• Hi everyone, I had to let Tayda go today. 😞

    She was the model Fanconi patient but she's been declining for the last year (probably more like 2 years if I'm honest with myself). I've been struggling for a long time trying to balance her quality of life with my want to have her around. Then she had a seizure last night. First time ever. It was scary and awful. It lasted a minute or two. When I realized it was happening I just sat down on the floor with her petting her telling her it was going to be okay. She was foaming at the mouth and drooling. it was awful awful awful. I have read that low potassium can be a cause for seizures so I took her downstairs after she stopped seizing to give her a potassium pill, in case that was the reason. As I was carrying her she was very limp and her head was droopy. I actually checked to see if she was breathing, to make sure she was still alive. I put her down to get the pill ready and she just laid on her side very limp. She didn't seem able to stand - I tried to put her on her feet and she just swayed sideways - her legs obviously were not going to support her. I gave her the pill and just held her in my arms hoping she would come out of her daze. After a few minutes she seemed a bit more stable, so I took her outside so she could pee. Normally after she pees she comes straight in, but this time she was wandering around outside in the snow all confused. She was kind of walking around aimlessly and bumped into the side of the steps so I went down, picked her up and brought her in the house. She continued to walk around aimlessly like she was confused and maybe couldn't see. She bumped into a few things. I picked her up and placed her in front of the water bowl and she wobbled a bit and then started drinking. Over the next few minutes she seemed to be able to reorient herself a little, I think, though I carried her back up the stairs to the bedroom. She slept for the rest of the night without any issue and in the morning she was seemingly unaffected. However, I had made my decision already that it was time to let her go.

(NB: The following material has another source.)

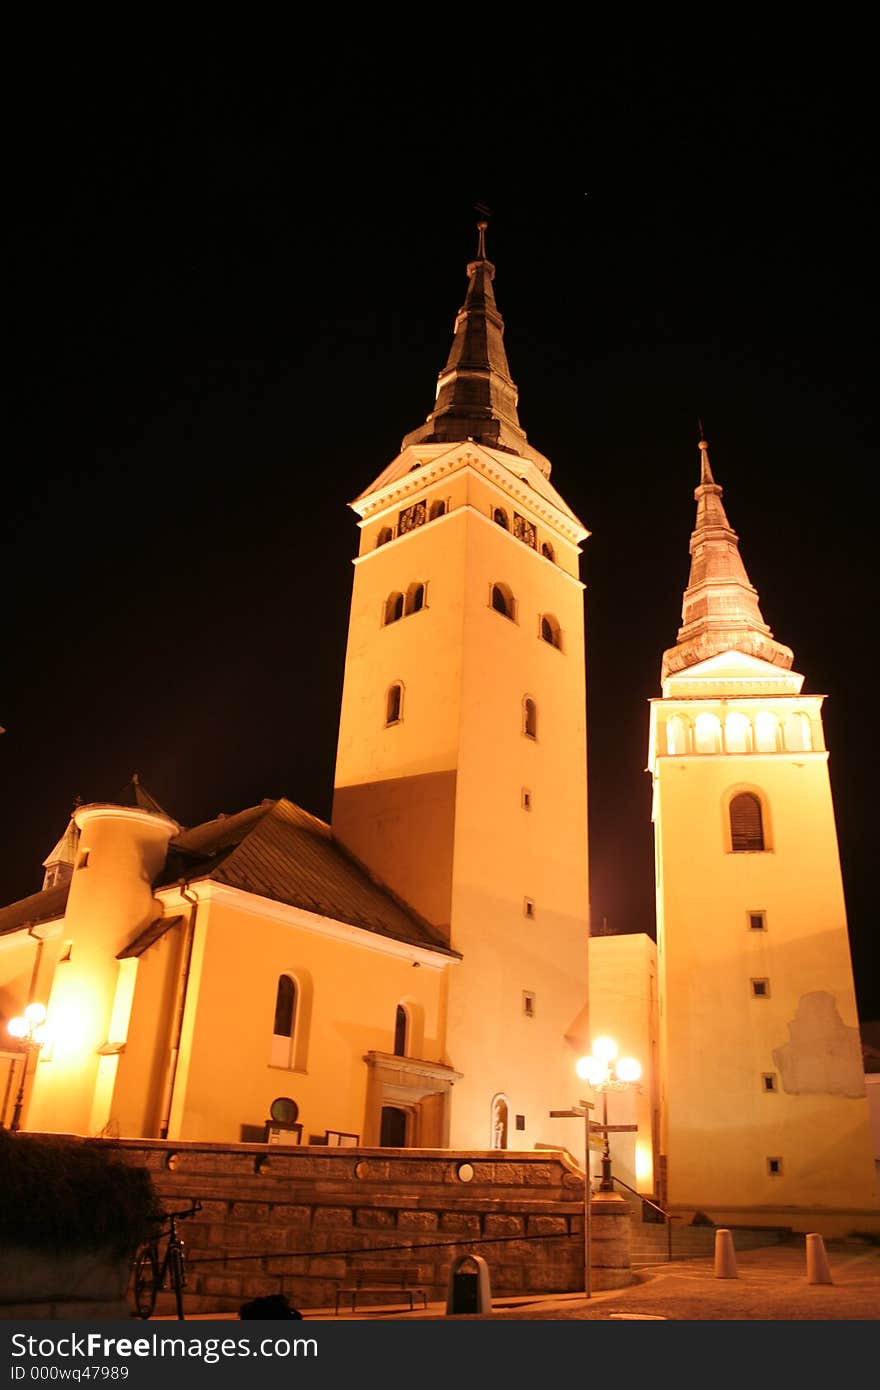 Church in the night - zilina city. Church in the night - zilina city

    I took the day off work today and spent it with her and Lenny. We had a nice day. Fed her all kinds of forbidden stuff (yummy high protein stuff she has not been able to have in years due to her kidneys) and cuddled on the couch. Lenny probably gained a pound today also with all the treats. She was happy all day and that makes me happy. It's just how a farewell day should be.

    The experience at the vet was not what I wanted, but she did not suffer. I asked them to give her the catheter, bring her back to me, and then give her a sedative before injecting the stuff that would knock her out. When they took her back, I heard her scream - that was awful. I thought it was when they put the needle in (even though she has gotten blood drawn many many times without a peep) but when she came back the tech said she just screamed when nothing was happening. She has done that with my husband many times. I guess it's a nervous thing. She's been doing it for a while. 😞 When they brought her back to me, I started feeding her treats and while she was eating them I could see she was getting drowsy. I asked why. They said they had already given her a little bit of sedative. I got upset and told them they weren't supposed to do that until I was ready. He "reversed" it, whatever that means and she perked up a bit, but probably only about 80%. I spent a few minutes with her and it seemed the catheter was a little uncomfortable for her so I gave them permission to inject the other stuff. She went limp very quickly.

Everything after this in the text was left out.